▶ _Exercise_
Without any pictures, print the lines below from the one that has "Afrosolutions Pty Ltd" through the one that has "LaCie 1big Dock", exactly and nothing else.

▶ _Input_

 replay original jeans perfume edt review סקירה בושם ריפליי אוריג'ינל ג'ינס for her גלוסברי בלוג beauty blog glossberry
--
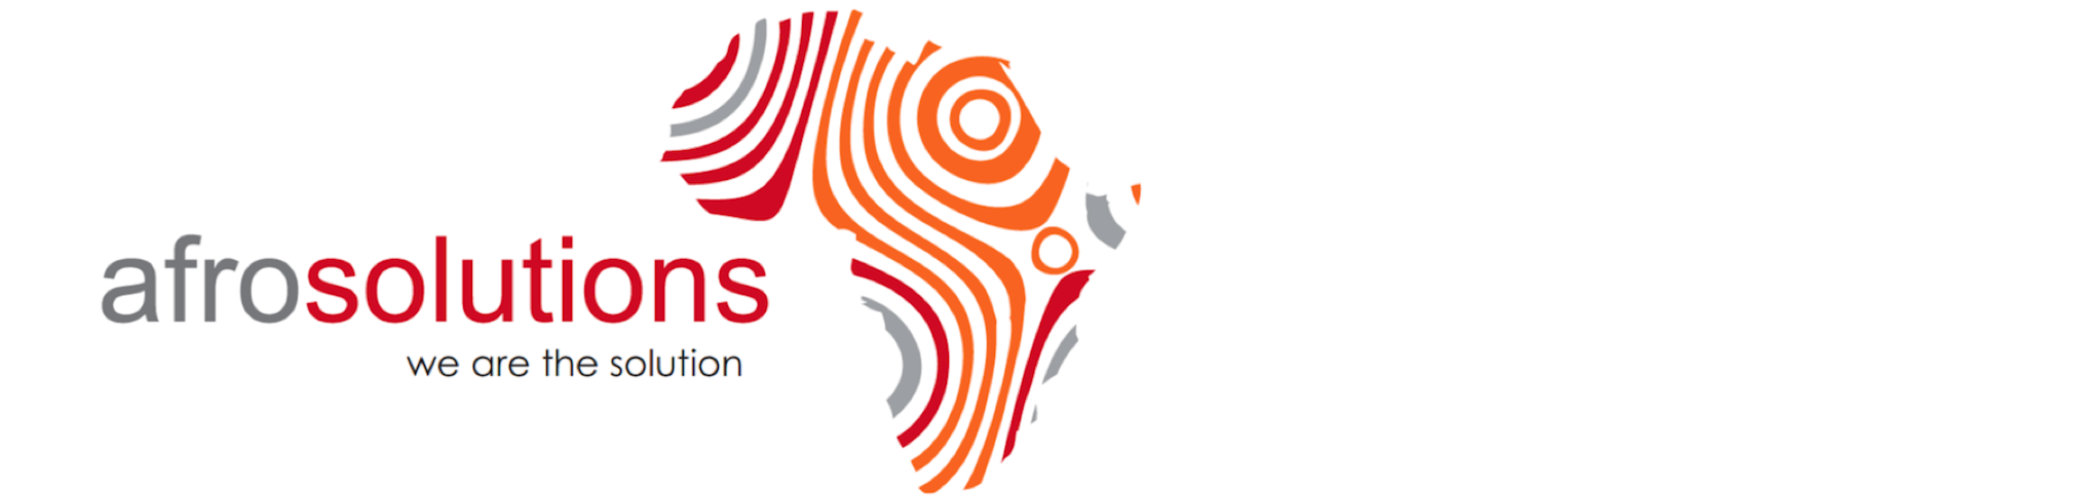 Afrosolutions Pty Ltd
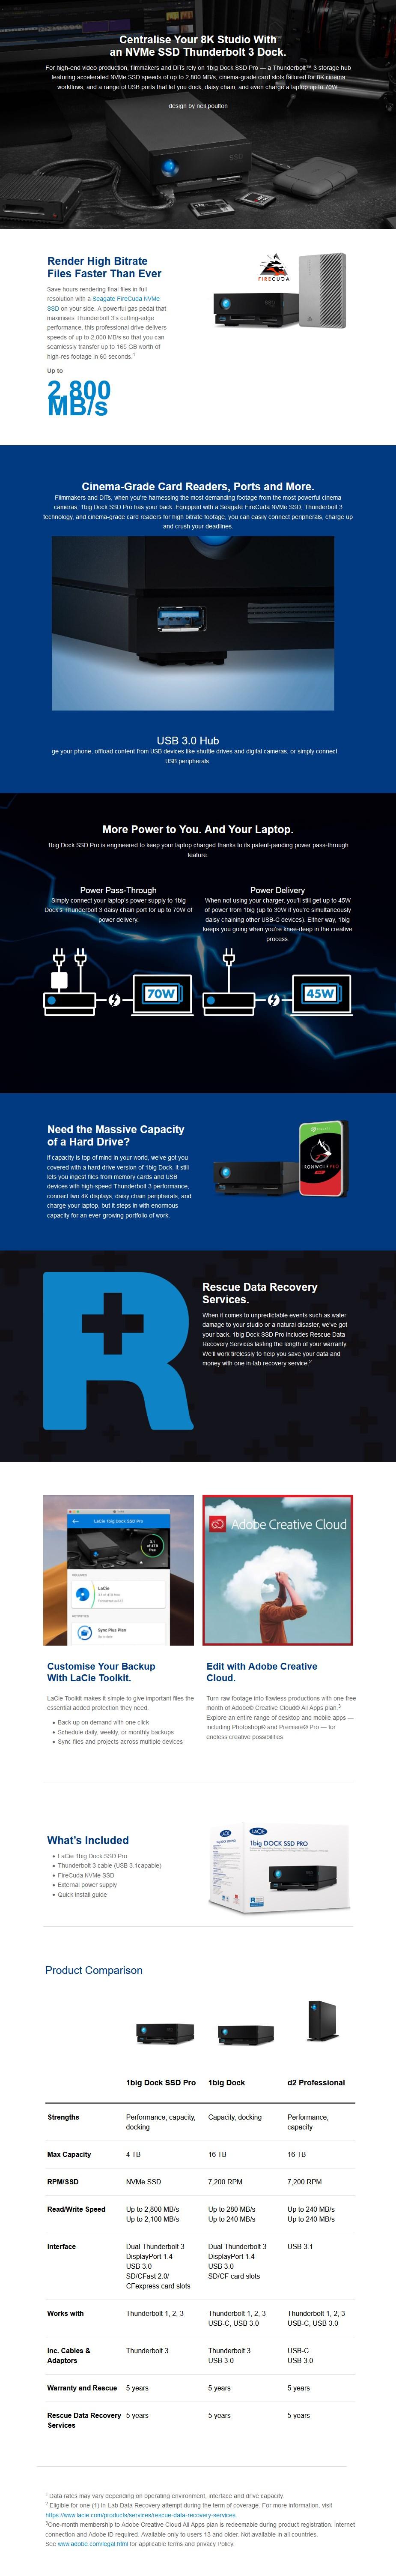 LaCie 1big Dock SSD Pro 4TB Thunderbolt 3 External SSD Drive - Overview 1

▶ _Solution to this problem_
 Afrosolutions Pty Ltd
 LaCie 1big Dock SSD Pro 4TB Thunderbolt 3 External SSD Drive - Overview 1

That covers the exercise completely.